In the __init__ method we set up a connection to the google drive where the sheet resides. In the request method we retrieve the Google Sheet as a DataFrame and we assign an RFM score to each customer based on how frequently, how recently and for how much money they purchased. The outcome is sorted and written to the same Google Sheet, in a separate tab called RFM_results.

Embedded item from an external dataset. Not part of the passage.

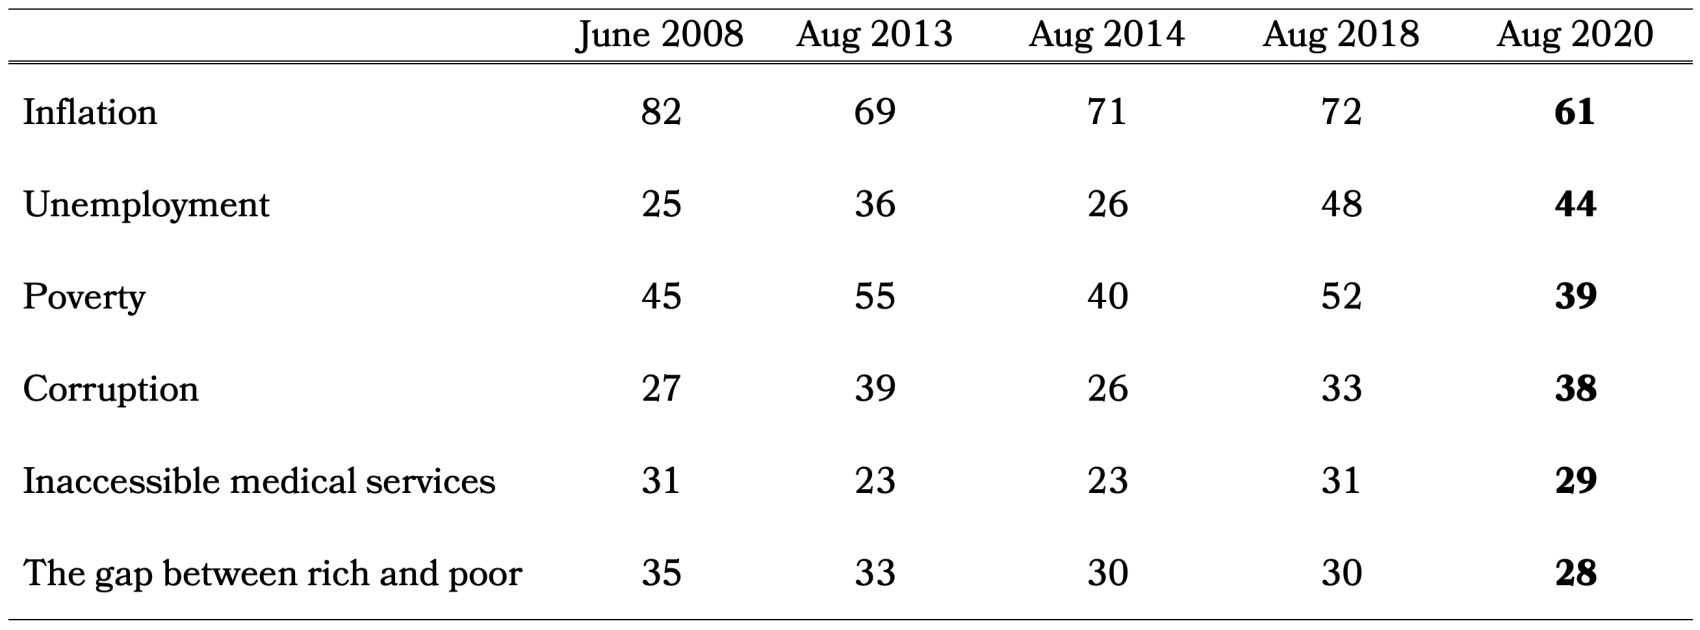 Table showing most disturbing problems for Russians (by percentage) for June 2008, August 2013, August 2014, August 2018, and August 2020. Inflation (81, 69, 71, 72, 61%), Unemployment (25, 36, 26, 48, 44%), Poverty (45, 55, 40, 52, 39%), Corruption (27, 39, 26, 33, 38%), Inaccessible medical services (31, 23, 23, 31, 29%), and the Gap between rich and poor (35, 33, 30, 30, 28%).
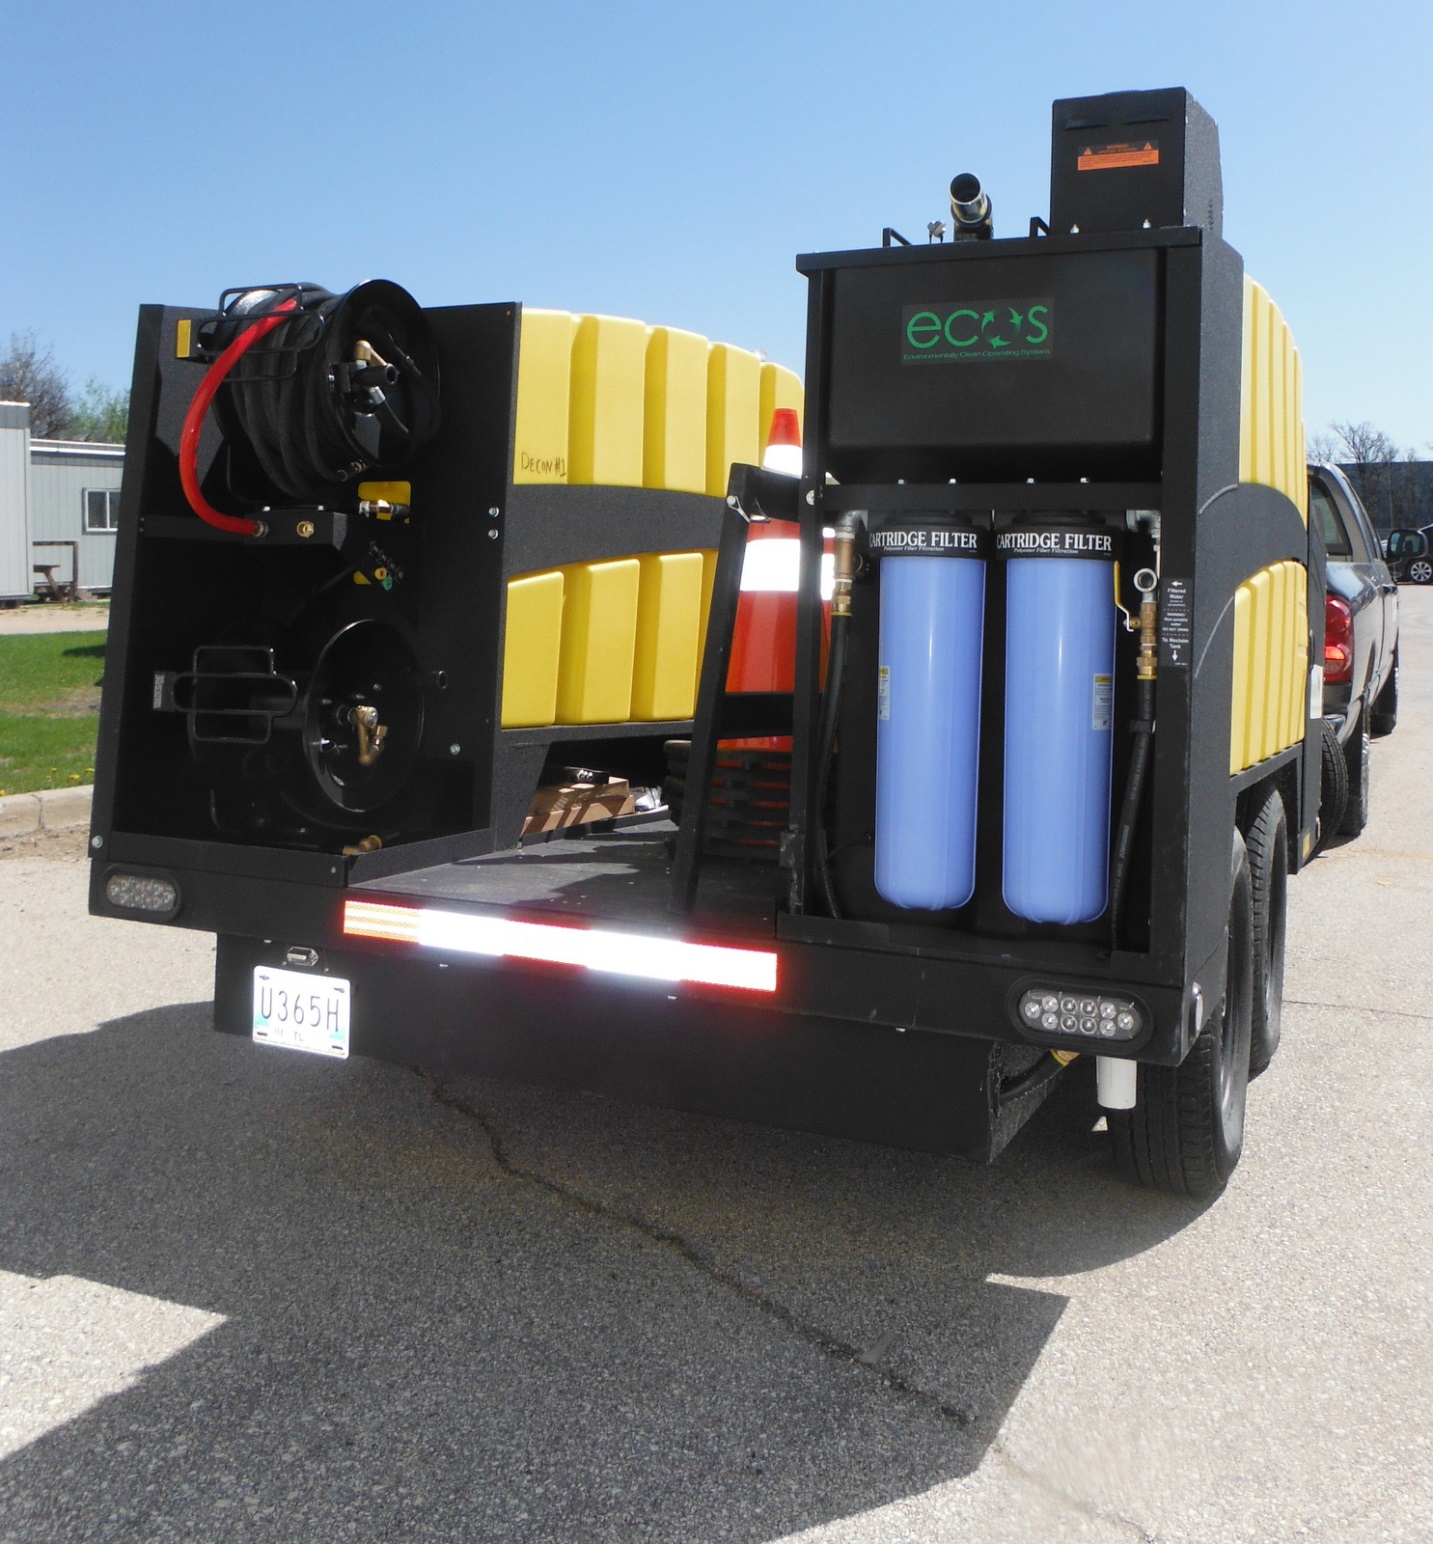 A decontamination unit being used on Lake Winnipeg. Credit: Manitoba Department of Conservation and Stewardship.

Running this example in UbiOps

To deploy this example model to your own UbiOps environment you can log in to the WebApp and create a new deployment in the deployment tab. You will be prompted to fill in certain parameters, you can use the following:

Deployment configuration
Name rfm-analysis
Description A customer segmentation model based on RFM.
Input fields: name = filename, datatype = string
Output fields: leave blank
Version name v1
Description leave blank
Environment Python 3.8
Upload code deployment zip do not unzip!
Advanced settings Expand
Environment variables name = credentials, value = your JSON credential string

After uploading the code and with that creating the deployment version UbiOps will start deploying. Once you're deployment version is available you can make requests to it. For this example, you will need to use the name of your Google Sheet as input (e.g. OnlineRetail). Afterwards you should see a new tab in your Google Sheet with the results.